É obrigatório que a inscrição seja feita através do sistema de inscrição online disponibilizado pela CLACSO. Inscrições impressas e enviadas por e-mail não serão aceitas. Recomenda-se acessar o sistema online para consultar o formulário de inscrição.
  1. Acesse o site da CLACSO orgO sistema de inscrição online estará disponível a partir de 2 de fevereiro de 2026.
  2. Cadastre-se no Sistema Único de Cadastro da CLACSO (SUIC). O nome de usuário e a senha gerados serão necessários sempre que você desejar acessar o sistema para consultar, modificar, adicionar ou enviar informações para esta ou qualquer outra atividade da CLACSO. Os candidatos que fazem parte de propostas coletivas devem abrir uma única forma Isso incluirá todos os pesquisadores da equipe. Um dos autores também deverá ser designado como responsável pelo registro. Essa mesma pessoa receberá o prêmio monetário correspondente caso a proposta seja selecionada pelo júri.
  3. Identifique a proposta indicando o título e o pseudônimo do(s) candidato(s). Candidaturas com pseudônimos que correspondam ao nome e/ou sobrenome do(s) candidato(s) não serão aceitas. Após o preenchimento dos campos correspondentes, o sistema permitirá o envio dos dados subsequentes.
  4. Os candidatos devem indicar sua afiliação institucional a um Centro Membro da Rede CLACSO no formulário de inscrição.
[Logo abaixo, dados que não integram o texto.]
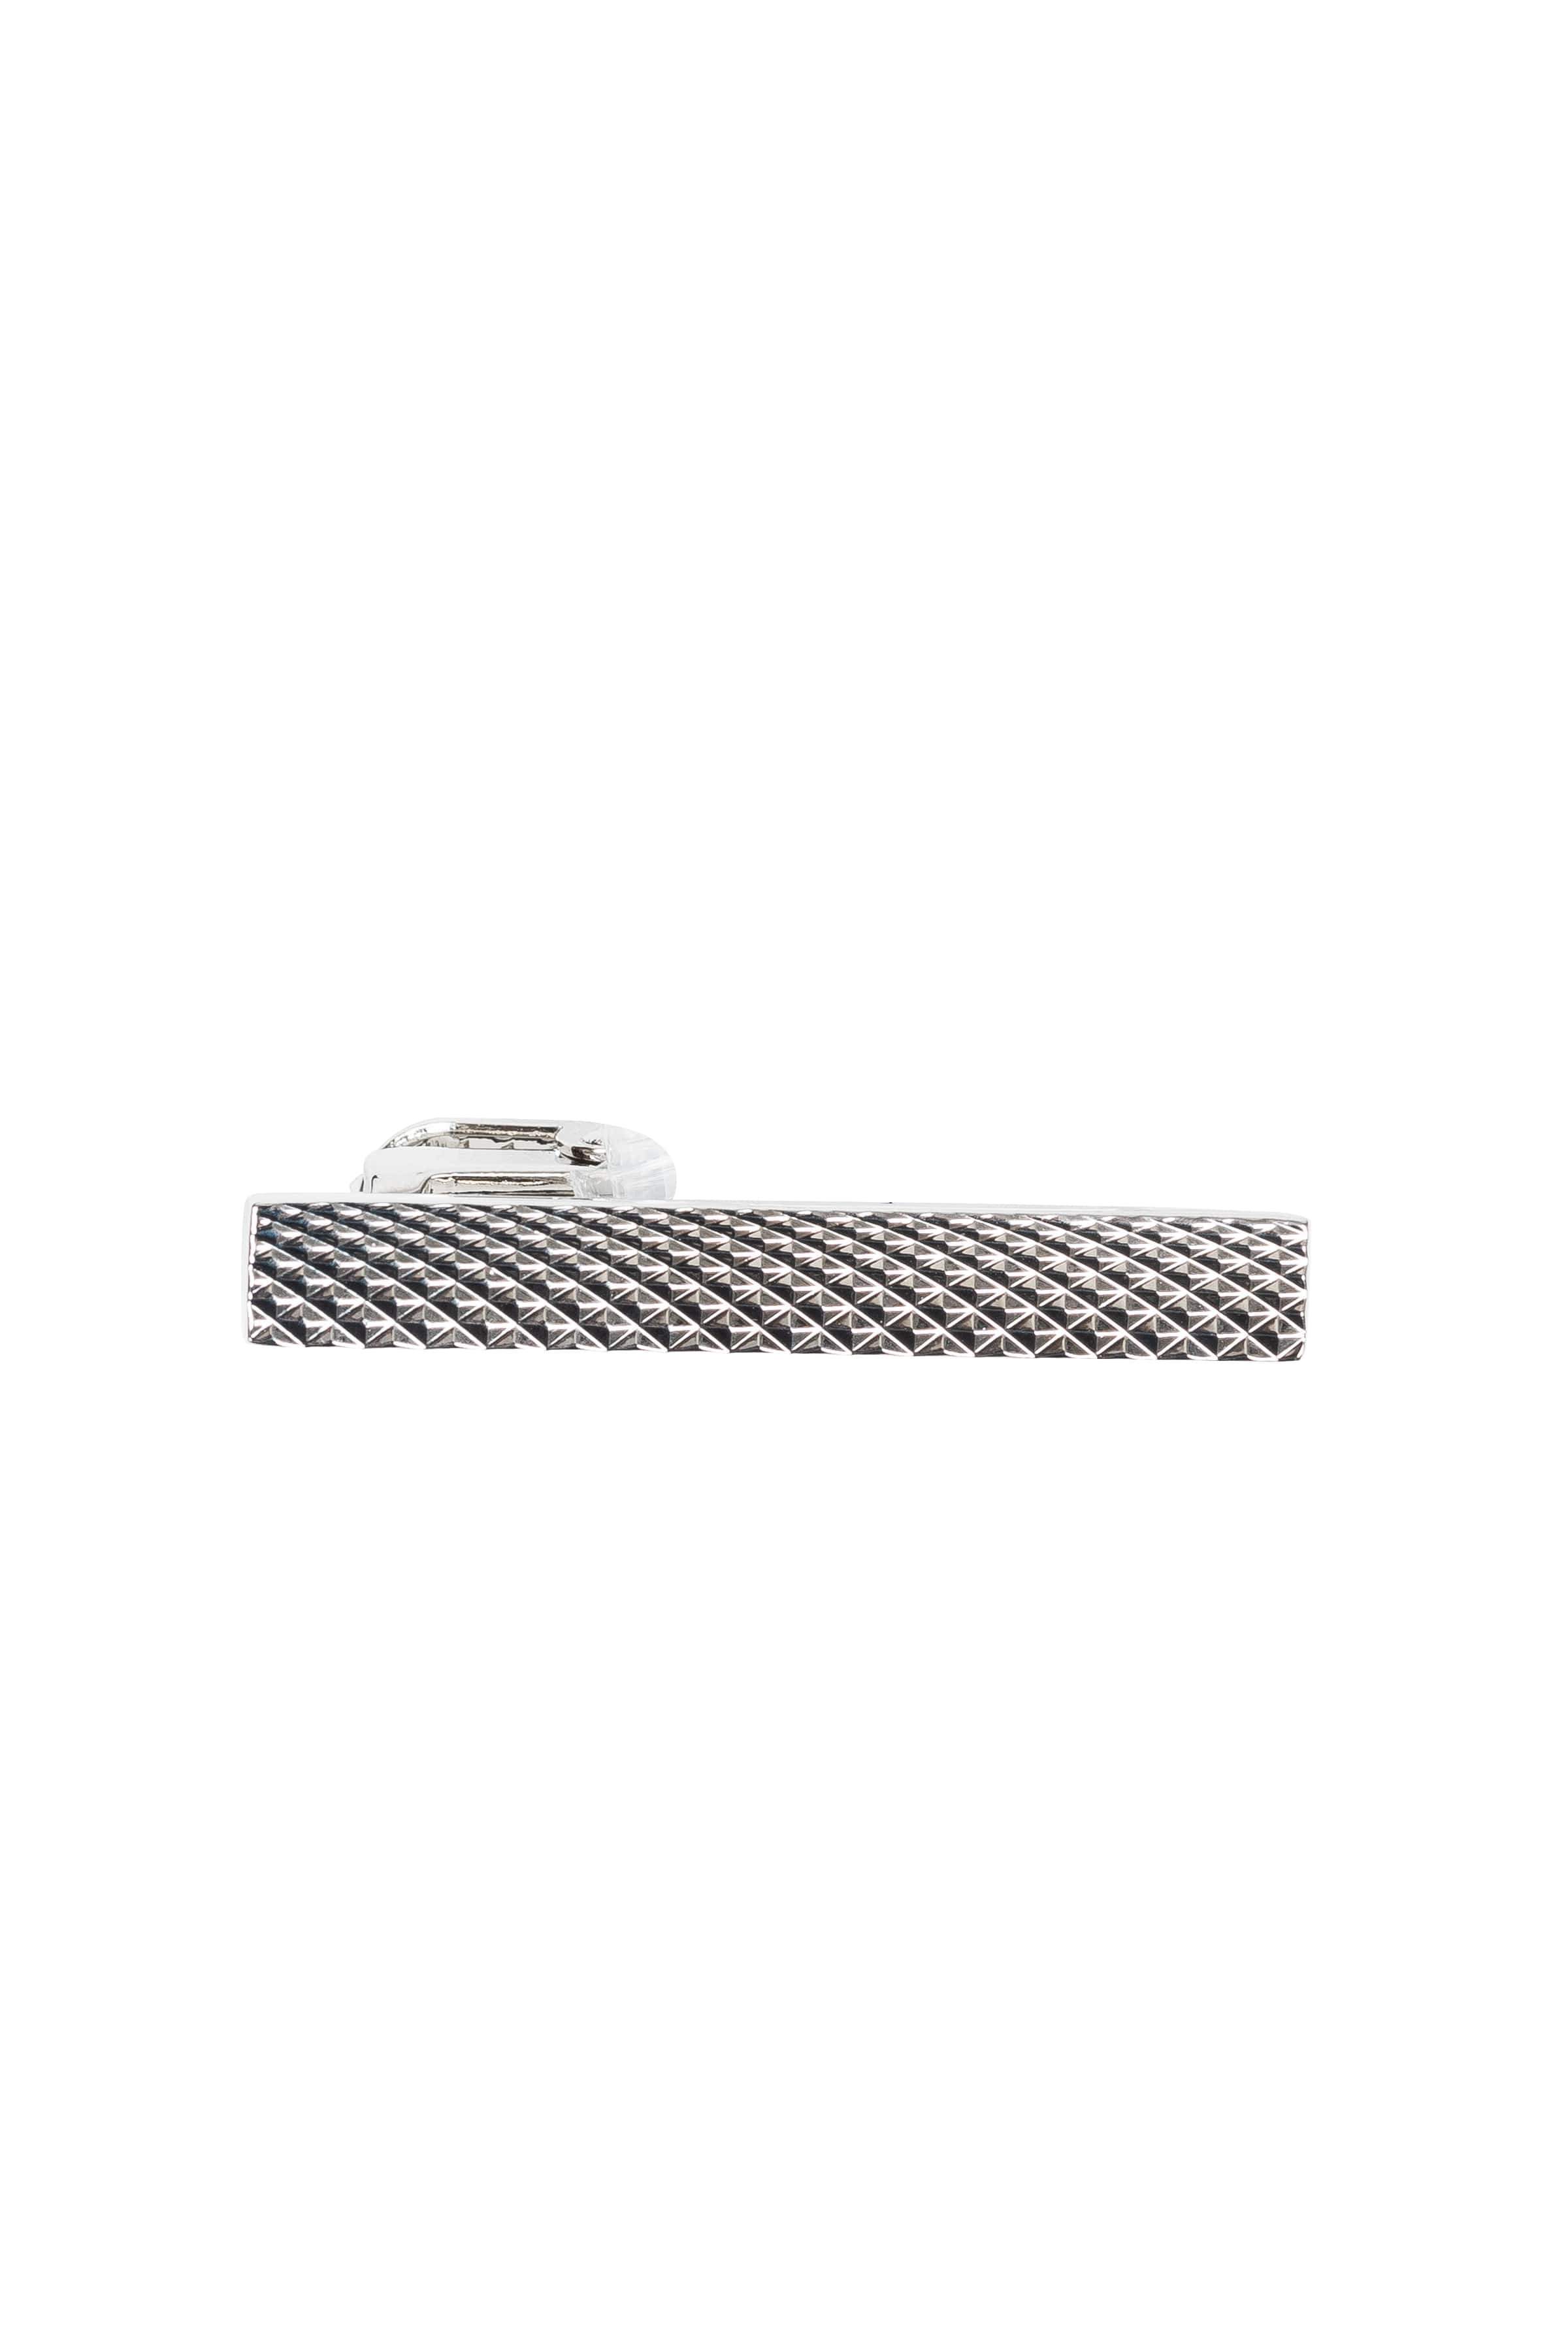 An ivy Slipsenål Patterned Silver Bar 3,5 cm

A lista atualizada dos centros membros pode ser encontrada em: https://www.clacso.org.ar/clacso/centros_miembros_clacso/inicio.php.
  5. Complete a forma dados pessoais e acadêmicos Anexe o currículo em formato livre; a cópia digital do documento de identidade, passaporte ou carteira de identidade; a cópia digital do diploma acadêmico mais elevado obtido (ou comprovante de conclusão do curso) e a fotografia.
  6. A proposta deve ser preenchida no formulário que aparece após o preenchimento dos dados pessoais e acadêmicos.
  7. Após o encerramento do cadastro, o sistema gerará um certificado eletrônico de recebimento que servirá como comprovante de inscrição.

INSCRIÇÕES ENCERRADAS

Prazo de inscrição: 2 de março de 2026
Os vencedores serão anunciados em 27 de março de 2026.
Implementação do projeto: abril de 2026 a setembro de 2026
Entrega do relatório final: 7 de setembro de 2026


Os resultados serão publicados no site da CLACSO. Os vencedores serão contatados por e-mail.